Türkiye siyasi, sosyal ve ekonomik istikrarda dünyadan ayrıştı. Bir ülkenin bu üç alanda da dünya ortalamasından negatif ayrışması, o ülkenin topyekun kriz yaşadığını gösterir.
Türkiye geçmişte ekonomik krizler yaşadı ve fakat ertesi yıl krizden çıktı. Bunun iki nedeni var,
Siyasi sosyal ve ekonomik gelişmeler birbirini etkiliyor. Bugün her alanda kriz derinleşti ve artık önlem alınsa da çıkış yoktur. Çünkü kronik yapısal sorunlar derinleşti ve güven sorunu oluştu.
Çözümleri tartışmak için, önce her üç alanda yaşamakta olduğumuz krizlerin tespiti, sonra neden oluştuğunu iyi bilmemiz gerekir.
Türkiye 2016 yılına kadar siyasi sorunlar olarak dünya ortalamasına yakın iken, 2016 sonrasında, demokrasi ve hukukun üstünlüğünde dünya ortalamasının çok gerisine düştü.
1. Fredoom house, dünya özgürlük endeksine göre Türkiye 2016 yılına kadar siyasi haklar ve sivil özgürlükler konusunda kısmen özgür ülke statüsünde iken, 2016 OHAL’inin otokrasiyi tırmandırması ve Nisan 2017’deki tartışmalı Anayasa referandumunun da etkisiyle “Özgür Olmayan ülke” statüsüne geriledi.
Dünyada son on yılda demokraside dramatik düşüş yaşayan ilk on ülke içinde eksi 22 puan ile Türkiye 8 sırada yer aldı. Afganistan, Rusya, Pakistan’ın bizden daha az puan kaybı var.
2. Economist Intelligence Unit (EIU) tarafından hazırlanan Demokrasi Endeksi, ülkelerin demokratiklik düzeyini 0–10 arası bir puanla ve “tam demokrasi”, “kusurlu demokrasi”, “melez (hibrit) rejim” veya “otoriter rejim” şeklinde kategorilere ayırıyor.
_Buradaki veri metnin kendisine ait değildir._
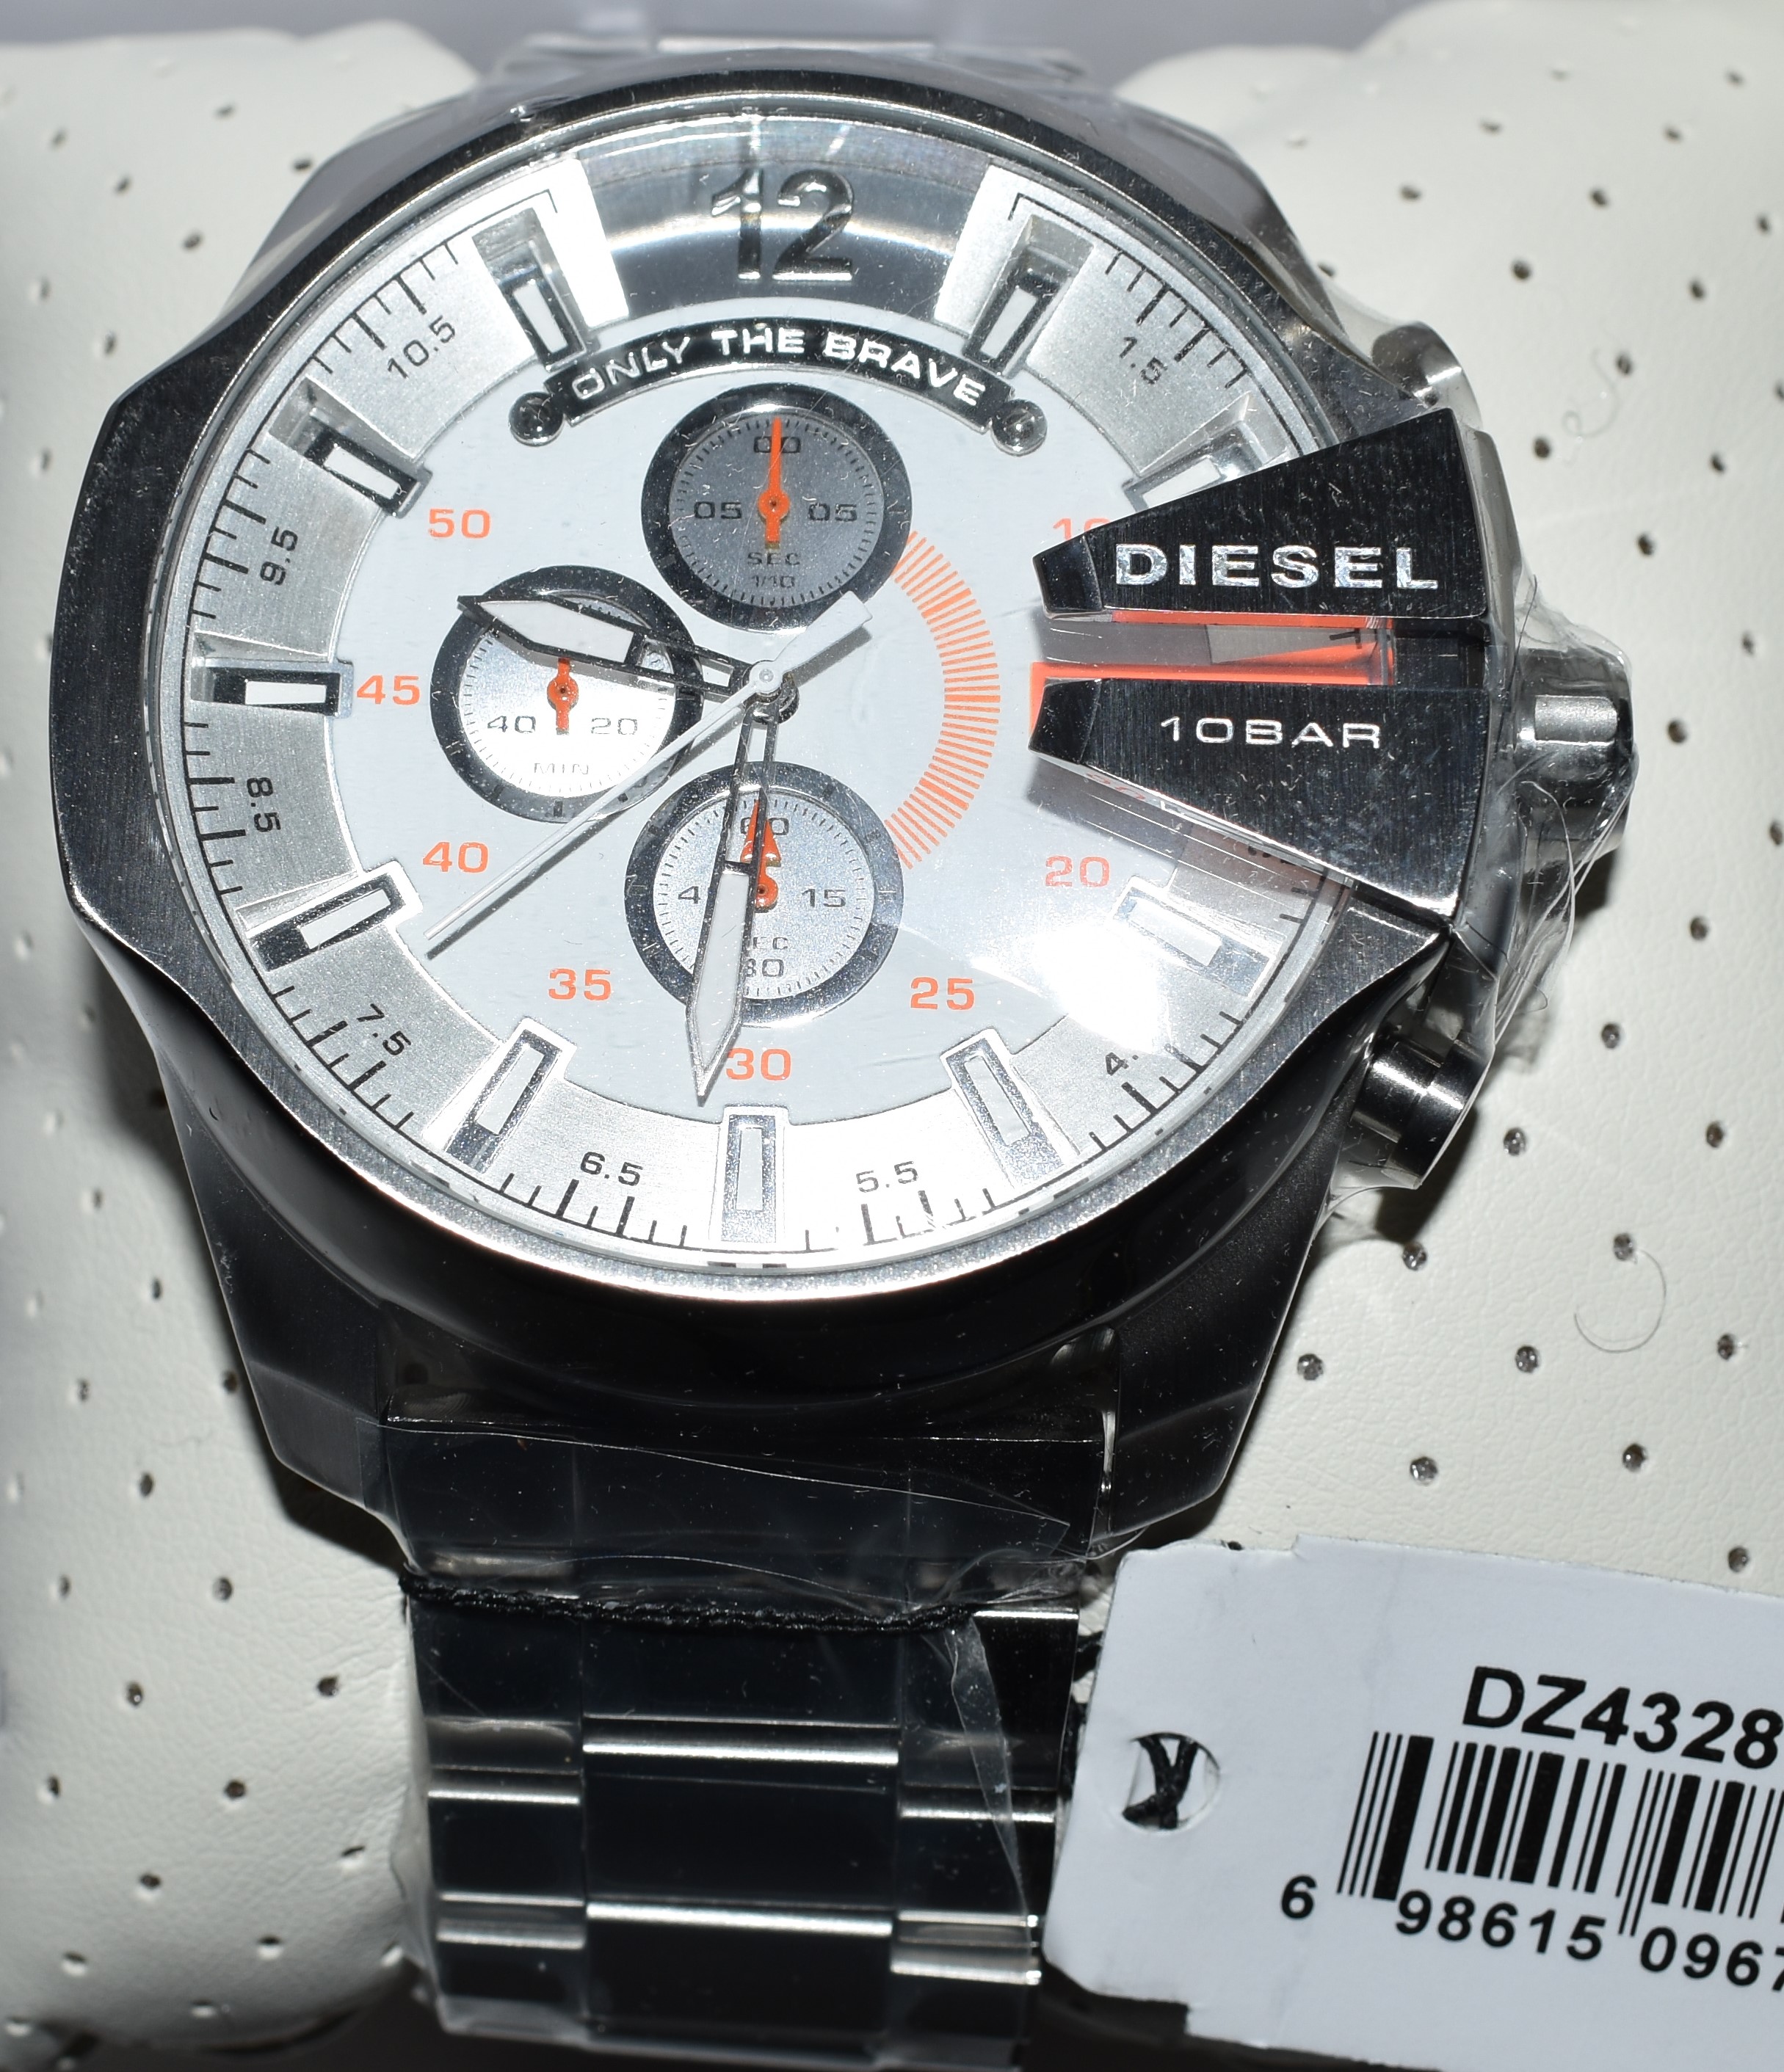 Diesel Men's Watch DZ4328
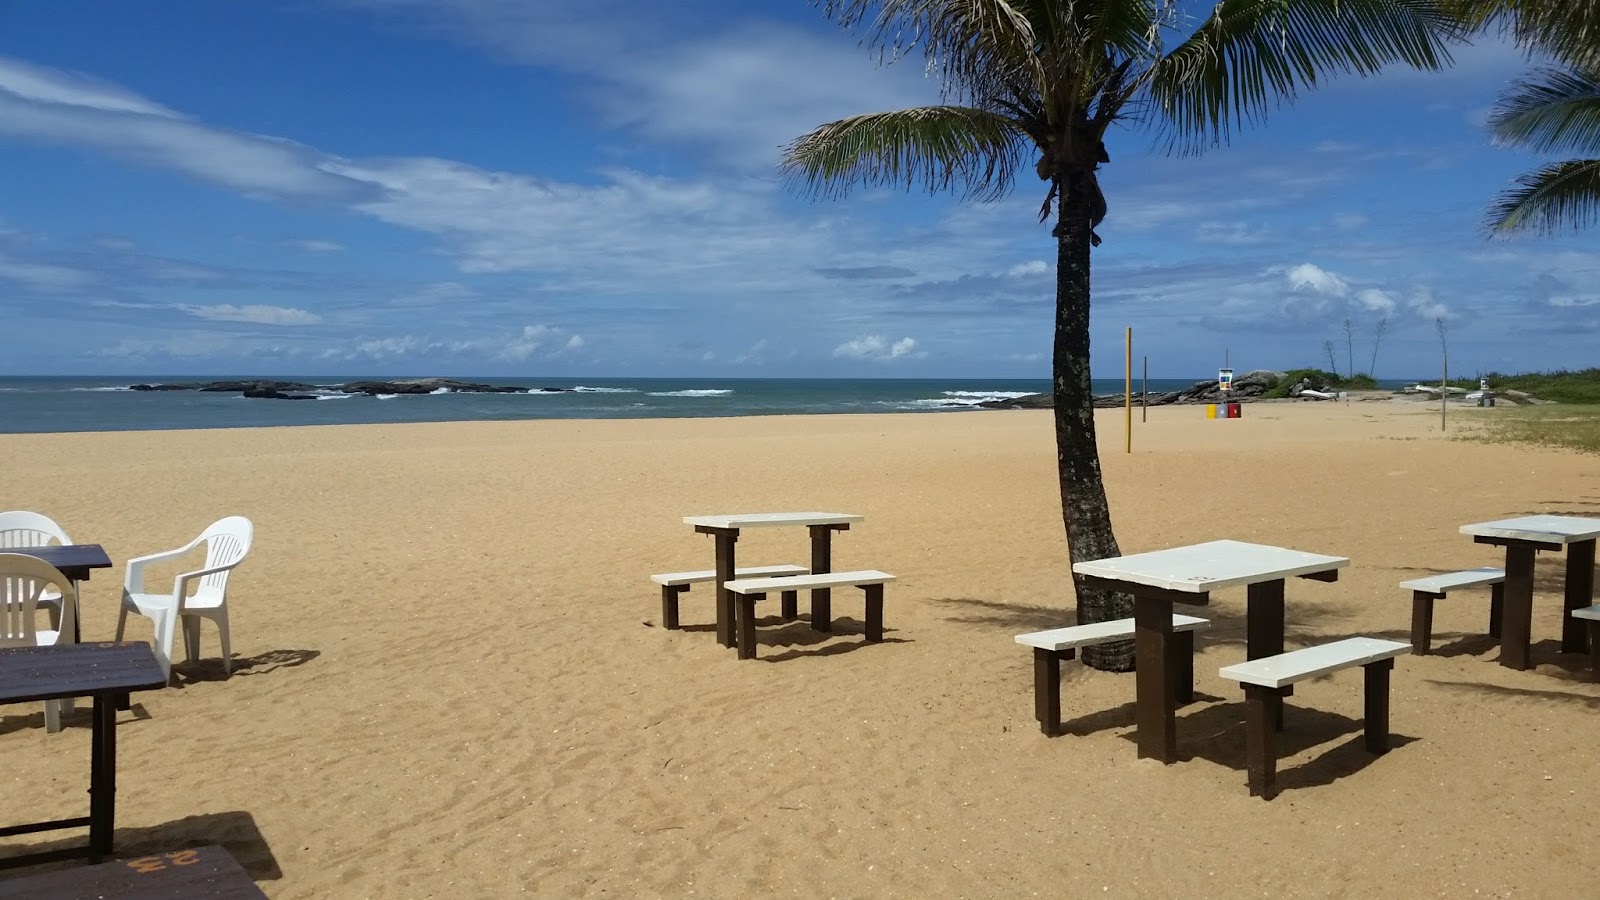 Fotografie cu Plaja Mar do Norte - locul popular printre cunoscătorii de relaxare

Türkiye, bu endekste 2016 yılına kadar dünya ortalamasına yakındı. Söz gelimi 2016 yılında yüzde 5.04 puanla “melez rejim” kategorisinde yer alıyordu. Dünya ortalaması ise 5,52 idi. Sonrasında arayı da açarak dünya ortalamasının sürekli altında kaldı. (Aşağıdaki grafik )
3. V-Dem (Varieties of Democracy) 2021 değerlenmesinde “Türkiye’de siyasal kutuplaşmanın ‘toksik’ düzeylere ulaştığı ve bunun demokratik gerilemeyi körüklediği” ifade ediliyor. Ayrıca “Türkiye’de demokratik gerilemenin yapısal bir hale geldiği” belirtiliyor
4. Türkiye hukukun üstünlüğünde de dünyadan ayrıştı.
Dünya Bankası’nın Dünya Yönetişim Göstergeleri (WGI) kapsamındaki “Rule of Law” endeksinde, hukukun üstünlüğü, yargı bağımsızlığı, adil yargılanma, temel hakların korunması ve devlet kurumlarının hukukla bağlı olması gibi unsurlar yer alır.
Bu endekse göre; Türkiye hukukun üstünlüğü endeksinde, sıfırı dünya ortalaması olarak alırsak, 2005 yılında +12 puanla zirve yaptı. 2023 te ise -0,51 ile en düşük seviyesine geriledi. Şüphesiz bu endekste 2025 yılı daha düşük çıkacaktır. (Aşağıdaki Grafik )
Türkiye’nin demokrasi ve hukuk alanında geri düştüğünü yalnızca dışarıdaki kurumlar değil, bizzat Ak Parti eski kurucuları da söylüyor. Dahası 18 Mart sonrasını bütün dünya görüyor.
Demokrasi hukuk gibi kurumsal altyapıda bozulma varsa, ekonomik dengeler dikiş tutmaz. Enflasyonun yüzde 30 seviyesinde kronikleşmesi önlenemez.
2005 yılında da AK Parti iktidarda idi. Bu günde iktidardadır. Ne oldu da Türkiye demokrasi ve hukuk alanında bu kadar geri düştü. Sorumlu olanlar başkanlık sistemi için anayasa değişikliğine evet oyu verenlerdir.